§ **SUPPLIED MATERIAL**:

▼▼▼

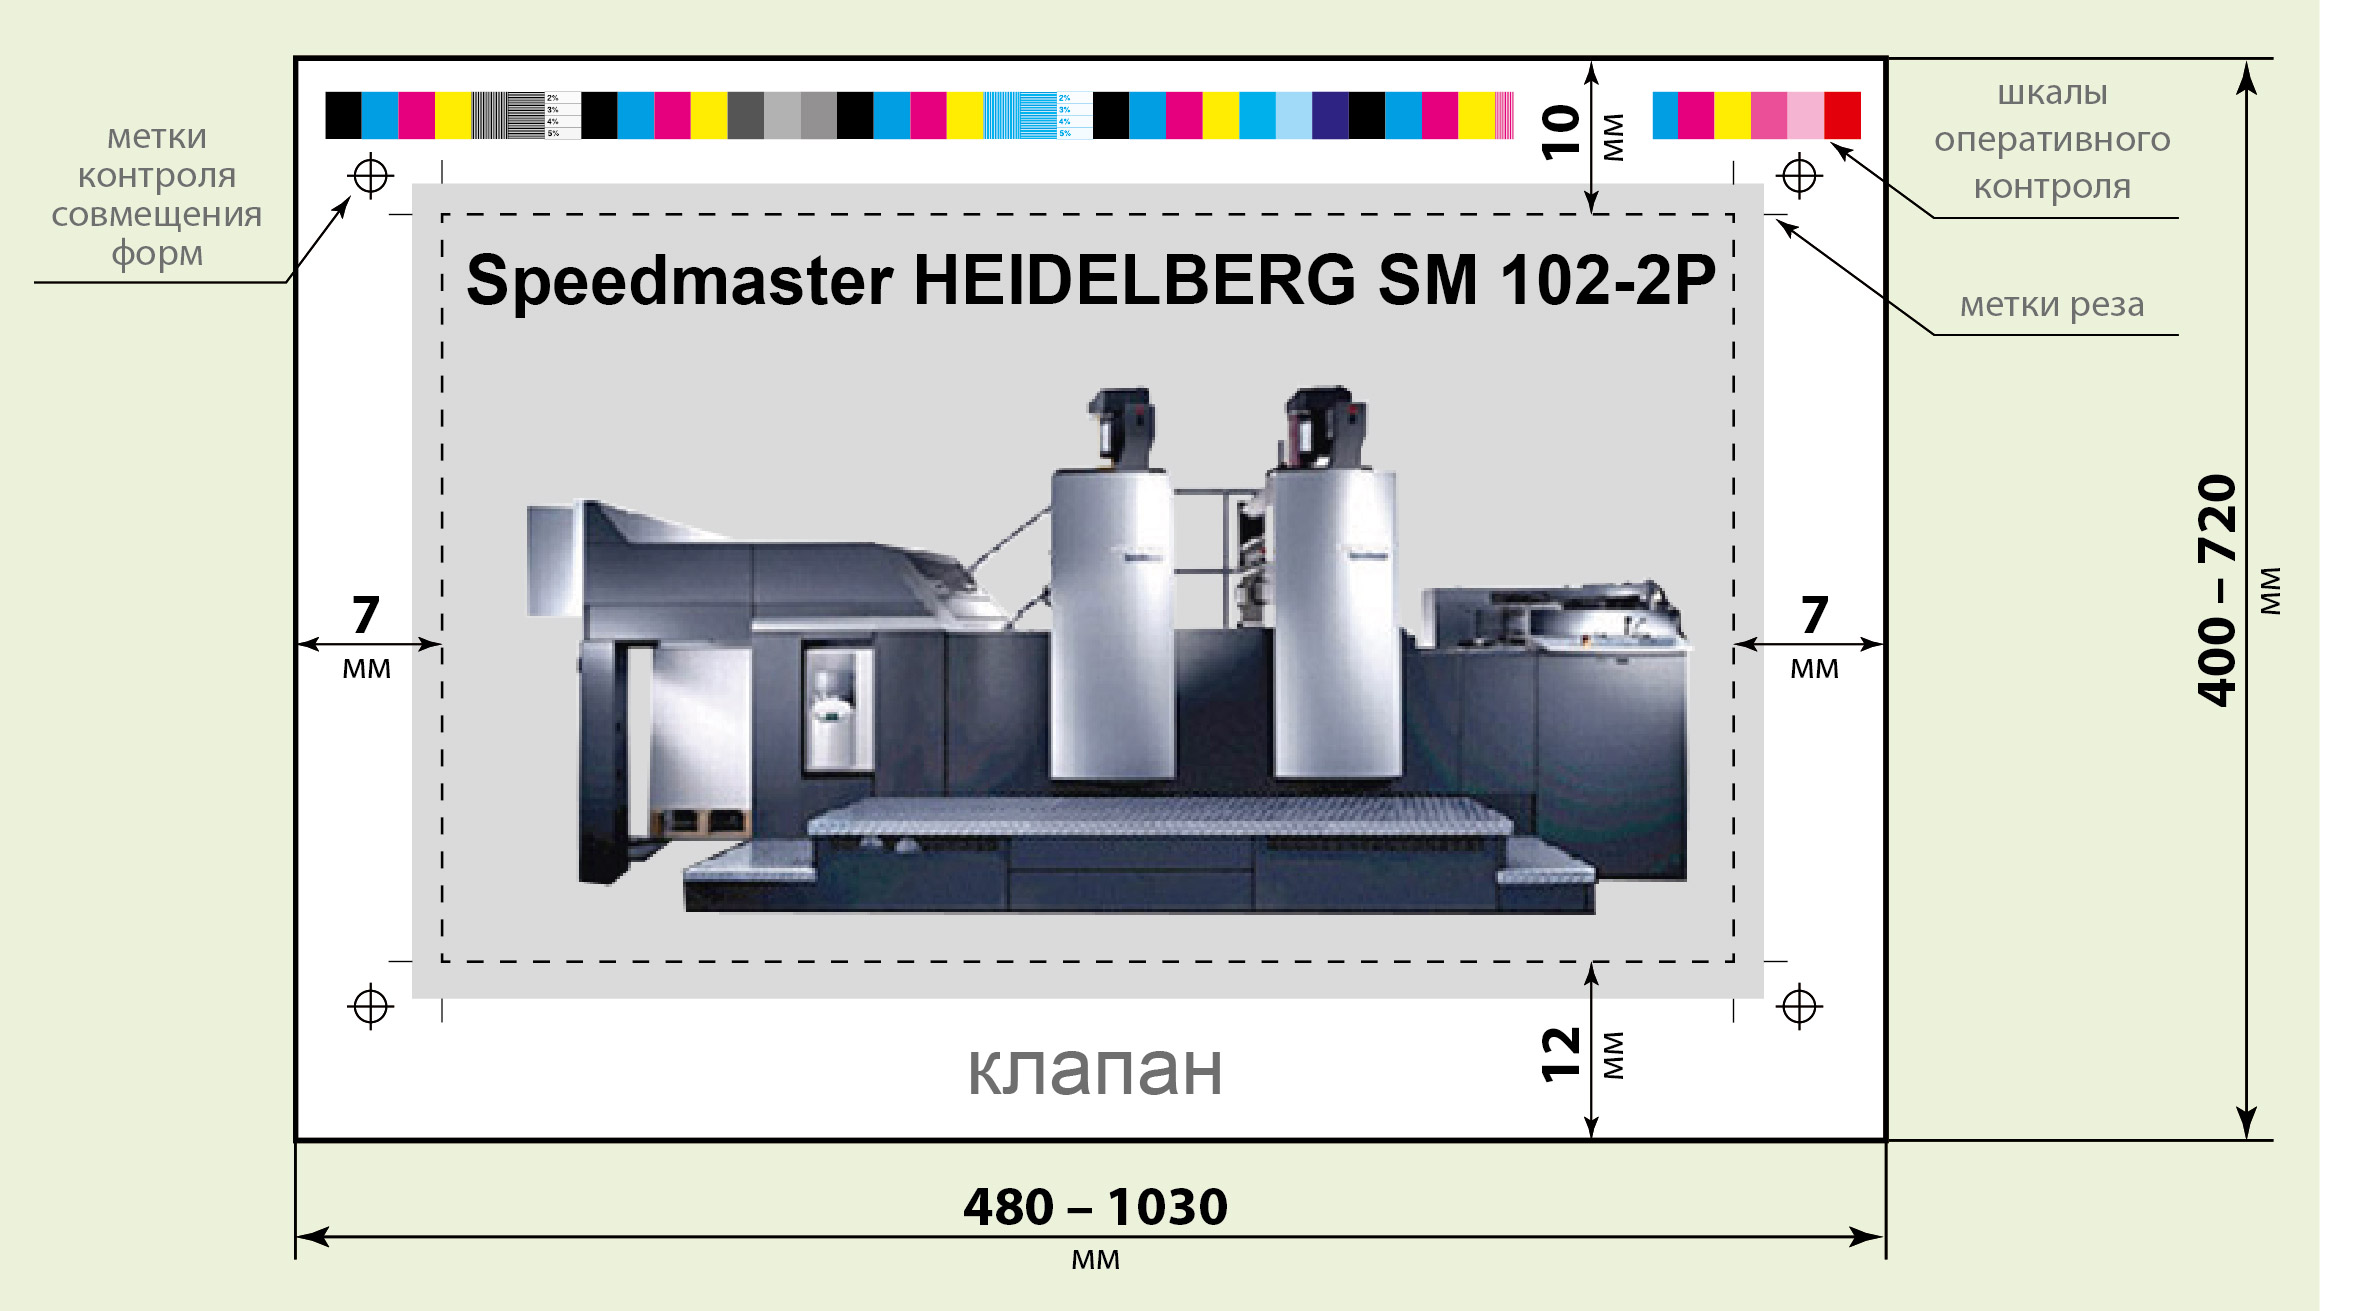 Схема печатного листа Speedmaster HEIDELBERG SM 102-2P типографии «Август Борг»
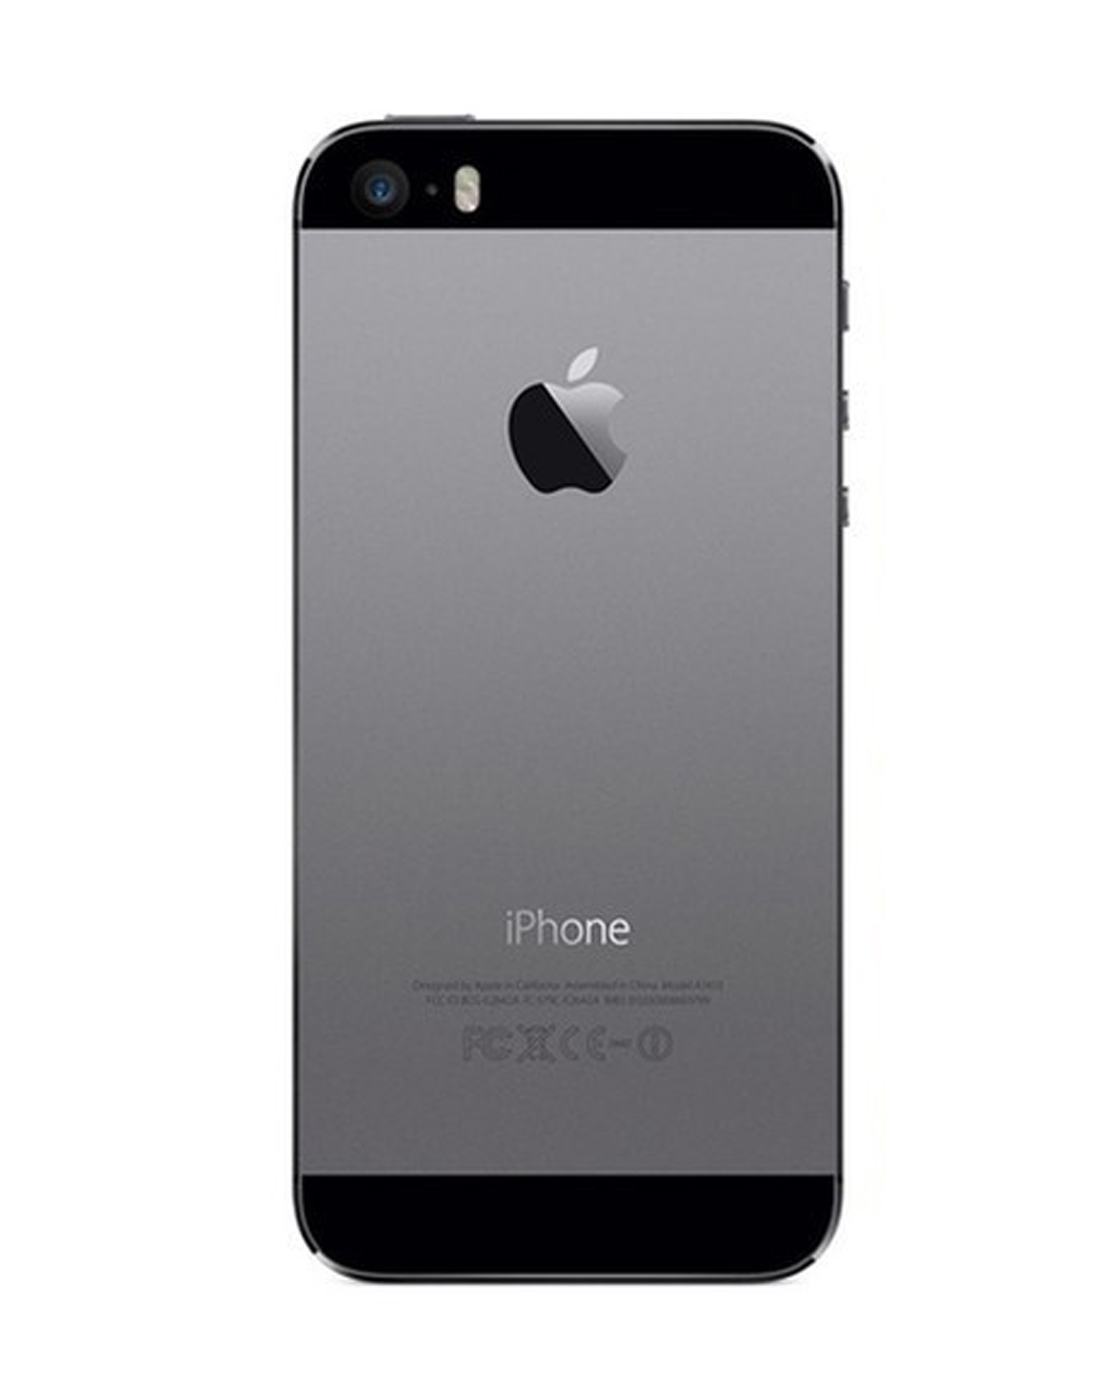 苹果iphone5s手机 16g 0元购机 送专属靓号 微信6g流量 灰色
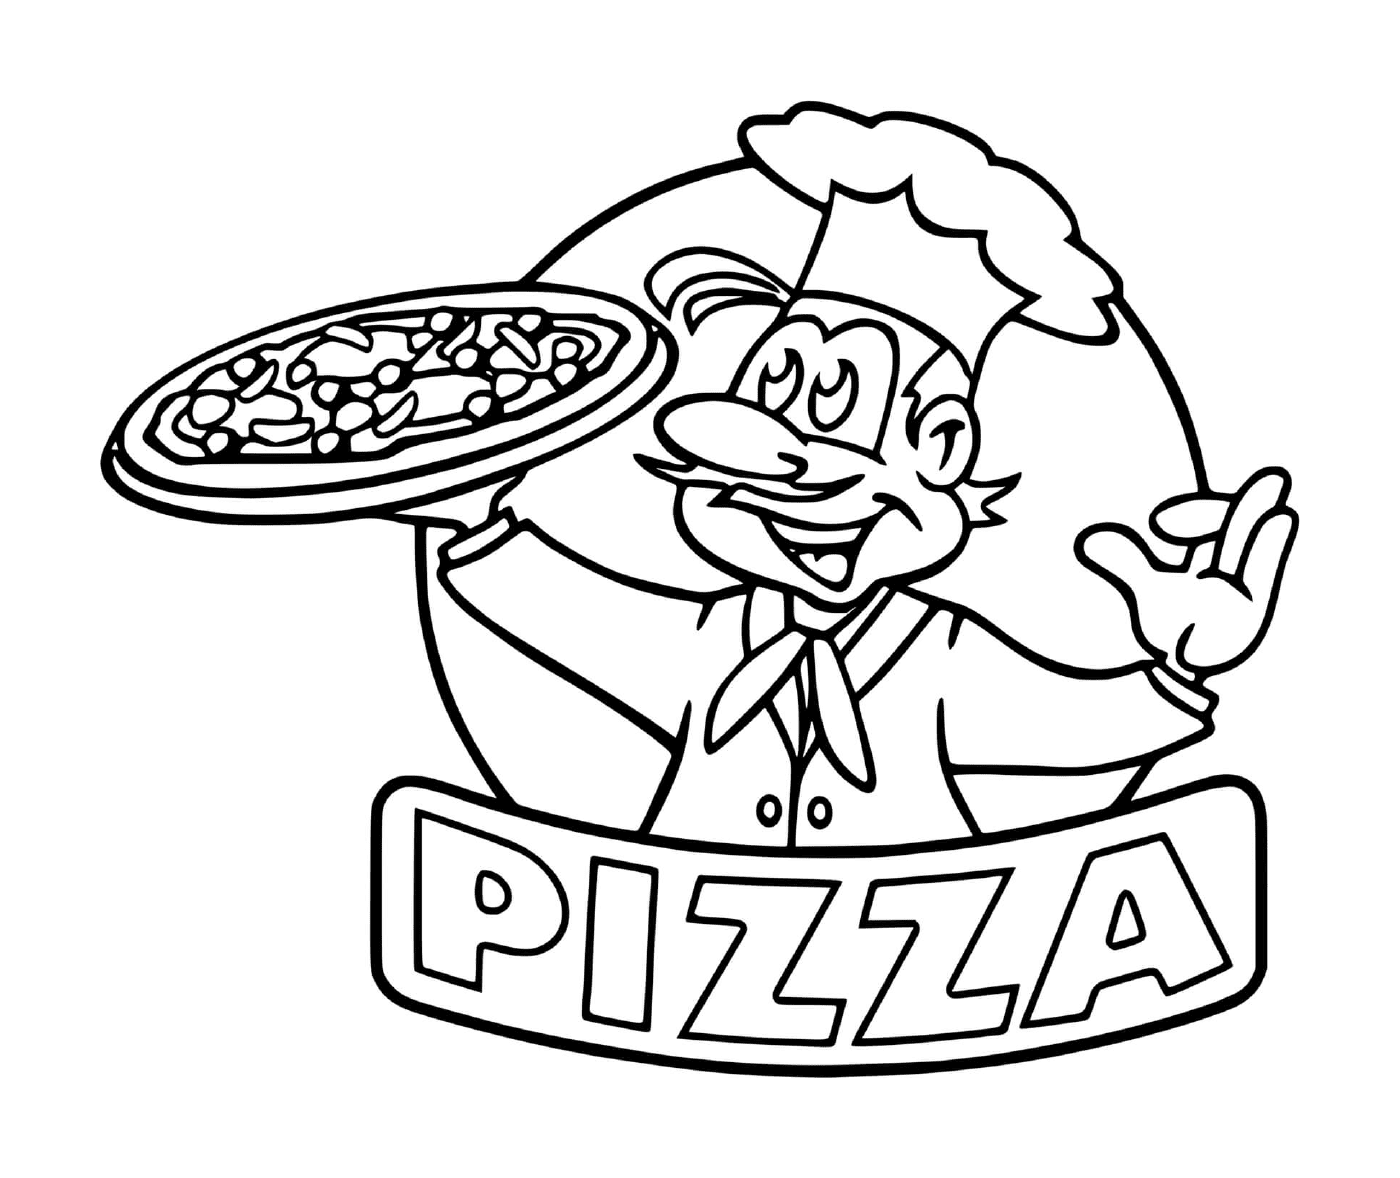  El logotipo del chef del restaurante de pizza

▲▲▲

§ **TASK TO CARRY OUT**: Give the listing again exactly, but omit each image.

§ **RESPONSE TO THIS TASK**:
 Схема печатного листа Speedmaster HEIDELBERG SM 102-2P типографии «Август Борг»
 苹果iphone5s手机 16g 0元购机 送专属靓号 微信6g流量 灰色
  El logotipo del chef del restaurante de pizza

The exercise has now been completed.